Elasticsearch only keep tracks of version numbers, not the contents of each
version. Many developers ignore the version number returned by ES.
Elasticsearch uses Lucene underneath, so it has no true update mechanism.
Each update is actually an atomic delete-create.

Once data is posted it needs to be available for searching immediately? Are

there any concerns I need to address from an "Index" standpoint to make
this possible?

Data will become available after the refresh interval, the default being 1
second. Get requests should contain all data since they work off both the
index and the transaction log.



Other things to know:****

  • I am initially looking at using a single "Index" that would contain all
    of our property records. Is there any reason other than fault tolerance not
    to do this?

Sounds good. A single index is ideal for many reasons such as less OS-level
file resources and better shard allocation (not competing with other
indices).


  • I am initially looking at using a simple single, possible 2 server
    cluster setup. Is there any reason other than fault tolerance not to do
    this?

Sounds good.


  • As far as searching goes, we are looking to some basic field searching
    (matches, starts with, contains) in combination with some Geospatial
    searching (polygon and radius).

That's what a search engine does!

Cheers,

Ivan

--

Wow, thanks for the quick responses to my questoins. Over the next day or
so I'll look into the info supplied and post back with my
findings/additional questions.

Thanks
Lee

On Wednesday, January 16, 2013 11:00:31 AM UTC-5, Lee Duhl wrote:

I am looking at ES as a replacement to the 3rd party index server that we
are currently using on property search website. I have not installed ES yet
as I’m just gathering information at this point, but I do expect to install
a test instance within the next couple of days and start working with it.

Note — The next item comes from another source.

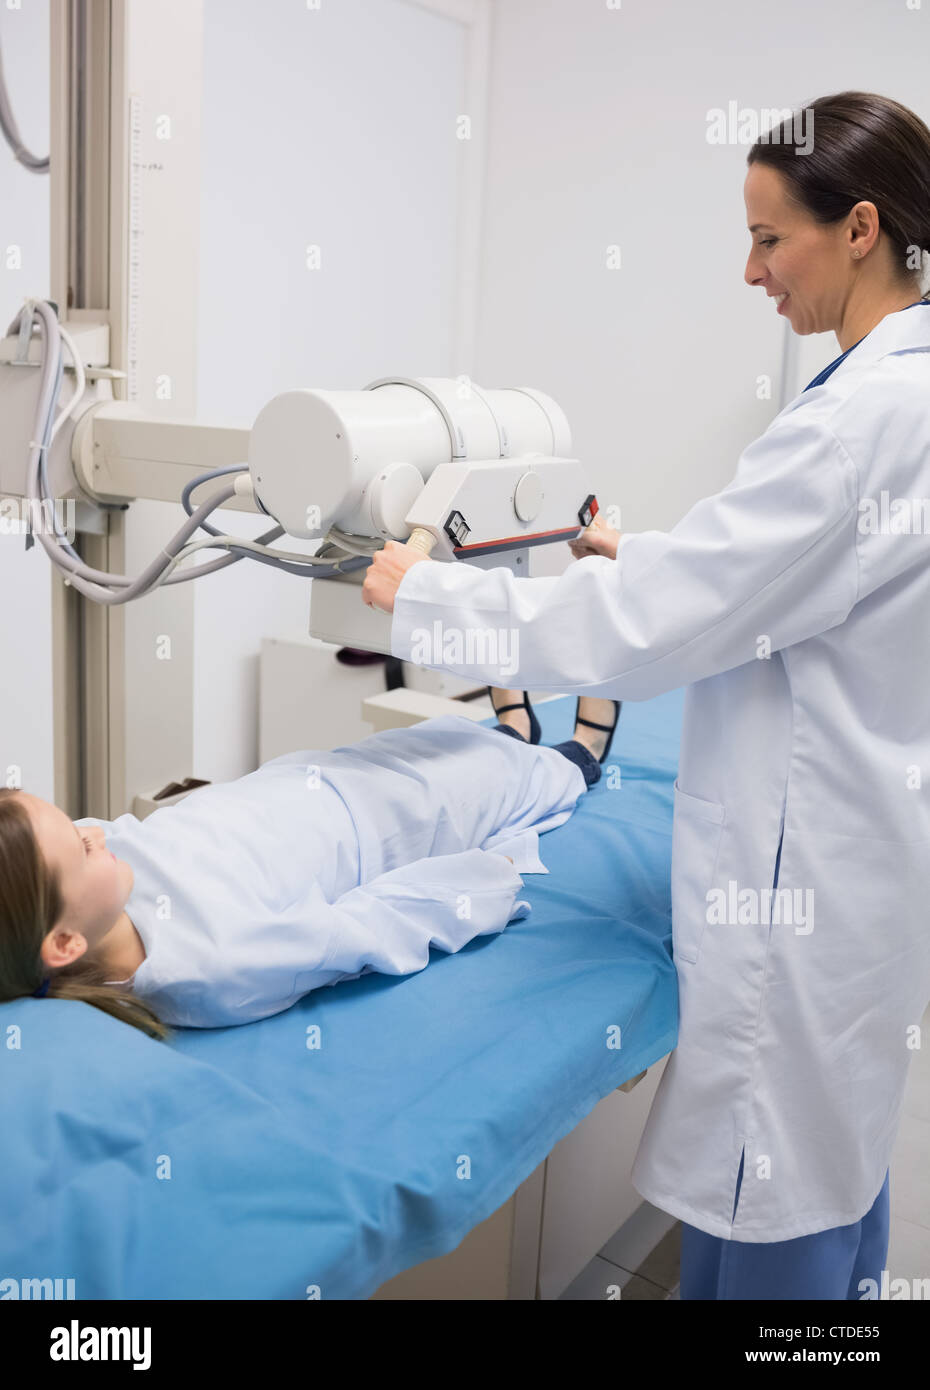 Female doctor doing a radiography on a patient Stock Photo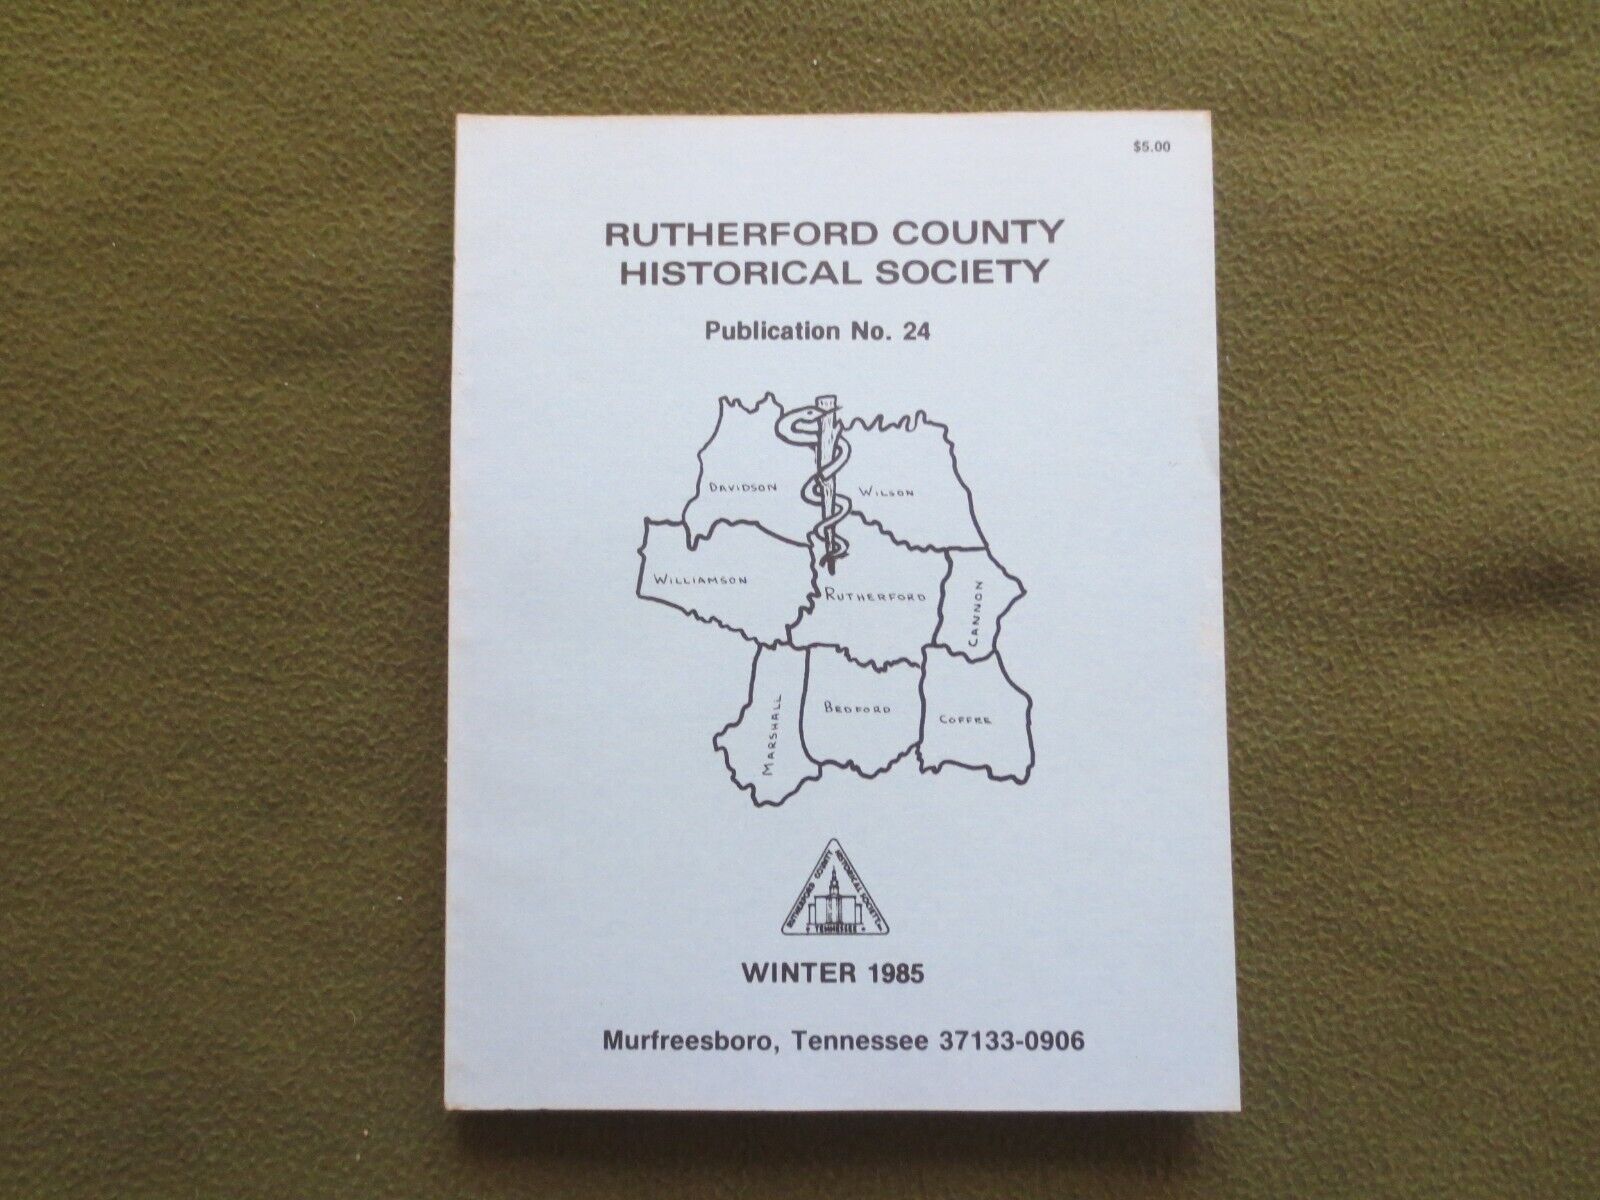 History of Medicine in Rutherford County Tennessee 1985 Part 1 Dr. Robert Ransom

Our main need is to index a set of property data that comes out of our SQL
server database. We are talking only a relatively small number of db
records (50k initially but could go to a couple hundred thousand depending
on how we leverage ES). My concern is that our data updates frequently and
we will want to keep somewhat close to real-time data in our index server.
This will require a rather constant stream of creates, updates and deletes
to the target indexes.

Based on what I've read so far, there appears to be 2 applicable ways to
get SQL data into the index server: 1) River and 2) ETL process that will
probably post to the "_Bulk" API method.

  1. A "River" seems like the easiest method, but the samples I've seen have
    to do with creating/updating documents in the index and I've not seen any
    way to delete documents. Is there a way to delete documents via a river and
    if so how is that done?

  2. An ETL "Post" to the "_Bulk" api method will require a little more work
    but it appears to be a more robust solution that directly supports deleting
    documents. Samples/API, however, only review to "Create" and "Delete"
    methods for handling documents and I'm a bit confused on how the "Create"
    method handles updates? I've read the info on versioning that applies to
    creates, but I'm not really interested in any previous version of a
    document. I want "Create" actions to existing documents just to overwrite
    the existing document. Is there anything I need to do/setup to handle the
    "Create" to make sure that any existing document is overwritten?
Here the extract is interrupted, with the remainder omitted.